Republican analyst Arnold Steinberg says of Schwarzenegger: "This is a kick ass kind of guy. This is a guy who gets things done."

"He seems like the kind of guy who will go to Sacramento and take charge. So in effect the movie persona that he has had seems to go beyond the fantasy into reality here."

The latest polls indicate both the recall and the actor winning by margins of 10 to 15 points against the profoundly unpopular incumbent.

Field poll analyst Mark Dicamillo says, "We've never seen this kind of 70 percent disapproval levels in any previous governors. In fact the only comparable personality, in terms of the field poll measure, is that of Richard Nixon back in 1973 right before his resignation."

Kaplan, the media analyst, says, "In California the governor, if he's low in the polls, is vulnerable to being canceled in the same way a sitcom that's low in the ratings can be canceled. If they're not performing, sayonara."

The Austrian-born actor, whose father was a Nazi, has also faced charges that he once said he admired Adolph Hitler's rise to power. He said he doesn't recall ever saying that, adding, "I despise absolutely everything he stood for."

"People are now attacking me with women stuff.
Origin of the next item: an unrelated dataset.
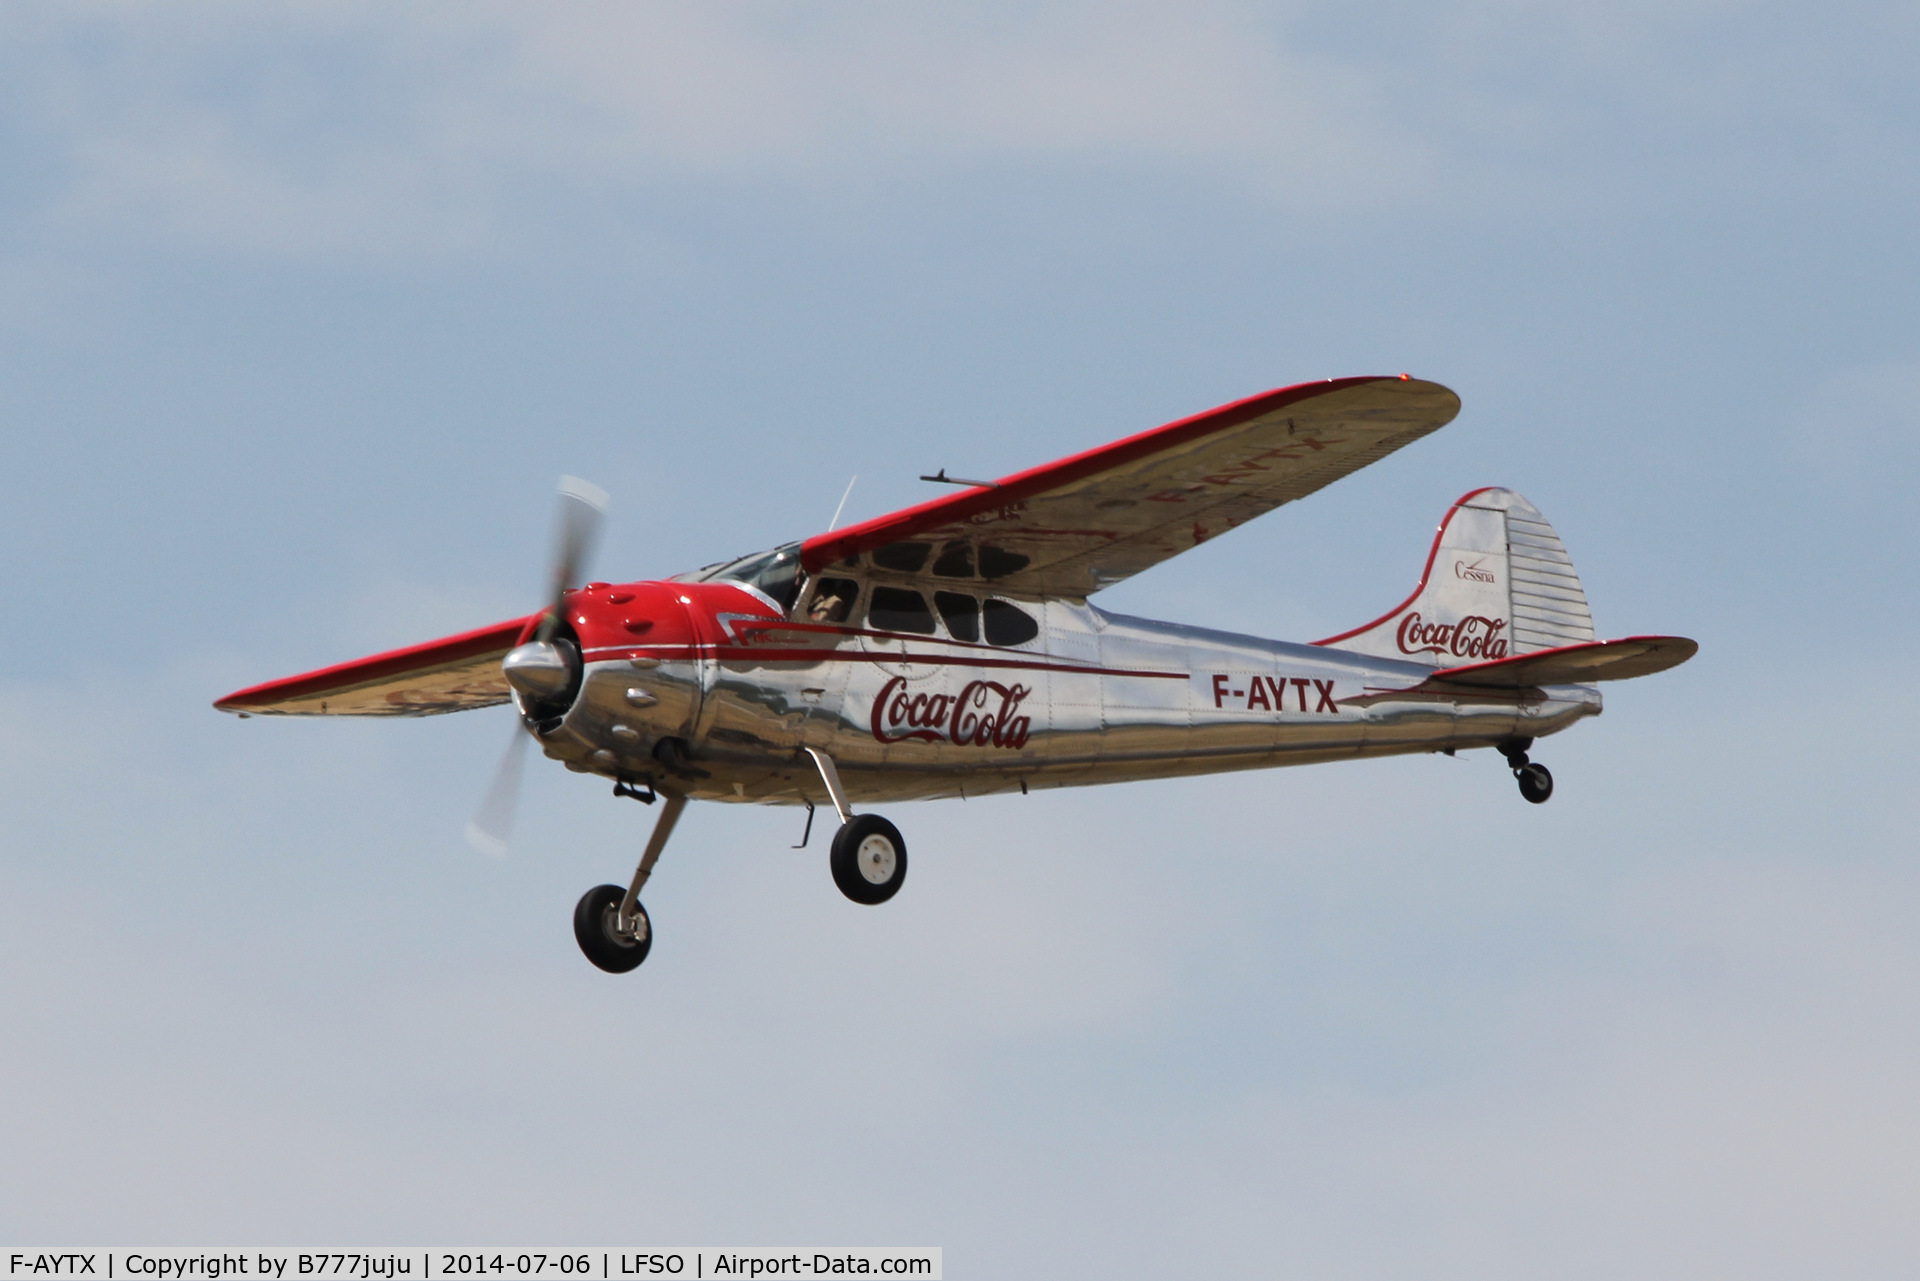 F-AYTX, 1950 Cessna 195 C/N 7496, at Nancy-Ochey

They're attacking me with Hitler stuff because they want to destroy my campaign," Schwarzenegger says.

Yesterday, one newspaper withdrew its endorsement. What Schwarzenegger calls "the woman stuff" is not going away. But will it sway voters?

Steinberg, the Republican analyst, doesn't think so. He says, "The closer and closer to the end we get, people want to validate their opinions, they don't want to have anything that goes against them, and they are very, very skeptical of last minute charges."

But after the excitement is over, if Schwarzenegger wins or Davis pulls a political Houdini, Californians will awake the day after with a fiscal hangover. They will still face with the prospect of painful program cuts or tax increases to tame the budget monster -- something the recall can't make disappear.